Sap 18,6-9; Sal 32; Eb 11,1-2.8-19; Lc 12,32-48
Per gli amici di Gesù non dovevano mancare i sogni di gloria con i quali si erano confuse le aspettative circa il ‘regno di Dio’. Sogni che devono essersi spenti abbastanza in fretta di fronte alle molte resistenze che apparentemente nemmeno il Maestro riesce a vincere. La sequela dopo una prima esperienza esaltante, per molti dev’essersi rivelata anche una prova di resistenza, minata da mille delusioni, desideri infranti e una certa ingenuità con cui fare i conti.
Forse non tutti, ma certamente qualcuno prima o poi arriva al punto di chiedersi come mai si è rimasti in quattro gatti mentre s’immaginava di dover conquistare il mondo.
È per lenire questi sentimenti prima che si trasformino in un risentito contrattacco militante che Gesù, con tutta la tenerezza di cui è capace («non temere piccolo gregge»), offre un invito alla serenità, prospettando un compimento futuro che supera le aspettative di ogni improbabile paradiso sulla terra.
Il Regno di Dio ha già messo le sue radici in questo mondo.
E nel disporsi al suo servizio è necessario essere pazienti custodi del suo sviluppo e non impazienti creditori dei suoi frutti.

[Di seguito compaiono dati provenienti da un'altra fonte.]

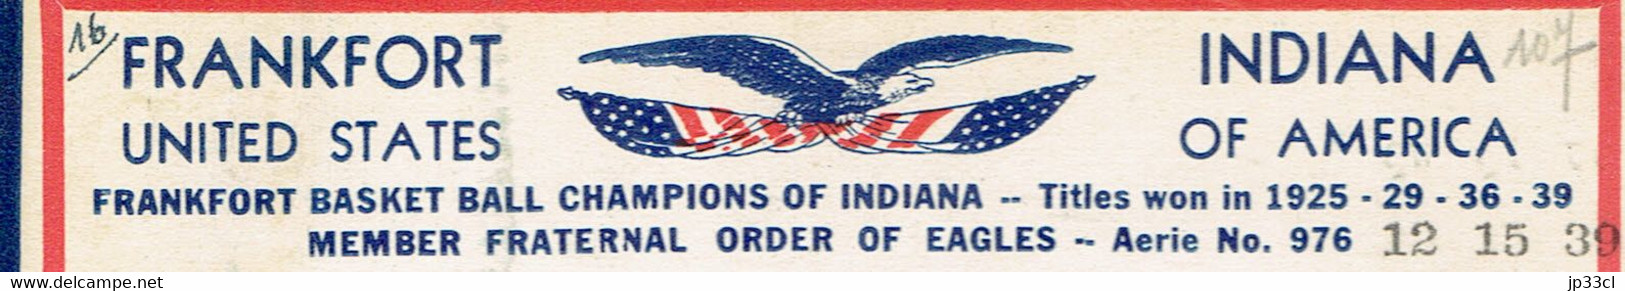 Basket Ball : Vintage Card From Frankfort (Champions Of Indiana 1925 - 29 - 36 - 39) - Basket-ball

Siamo liberi dall’angoscia di produrre noi la manifestazione del Signore! È bene ricordacelo, perché è un attimo diventare irrequieti nell’affrettare l’avvento del regno a costo anche di fabbricarlo con le proprie mani in una ‘fede’ che ha sempre bisogno dei riscontri.
Come narra il Maestro nella parabola, nella storia non è mancata – anche con le migliori intenzioni – la tentazione del servo, siccome il padrone tarda, di creare spazi di dominio perché presi dalla fretta di dare forma a un Regno di Dio altrimenti sfuggente. Prepotenza, prevaricazioni, pedanterie non sono mancate tra i discepoli.
La storia, però, costringe i discepoli ad essere consapevoli che sono tra quelli che il Regno possono solo aspettarlo, invocarlo, magari custodirlo nei suoi fragili germogli terreni, ma mai forzarlo a crescere e dominare.
E così ha ragione Gesù nel dire che è decisivo il modo con cui il discepolo accetta l’attesa della speranza annunciata. E quindi diventa più importante quello che si è disposti a dare («vendete ciò che possedete, fatevi borse che non invecchiano, siate pronti») che non quello che si teme di perdere. L’avvento del Regno di Dio comincia a realizzarsi grazie alla fede di quelli che vi consegnano la vita. Ogni promessa divina comincia a diventare reale con il primo passo di chi le va incontro con decisione.
La ‘fede’, di cui l’autore della lettera agli Ebrei dà una bella definizione («fondamento di ciò che si spera e prova di ciò che non si vede»), è un azzardo che si produce senza garanzie. E forse necessario riconquistare la sapienza del vetro scuro, della penombra misteriosa, della fede che dà sostanza a ciò che non sta alla superficie del visibile.
Dove c’è qualcuno che con libertà si fida di ciò che il vangelo chiede, allora il Regno di Dio è già in mezzo a noi.
Beati dunque quelli che verranno trovati ad agire così.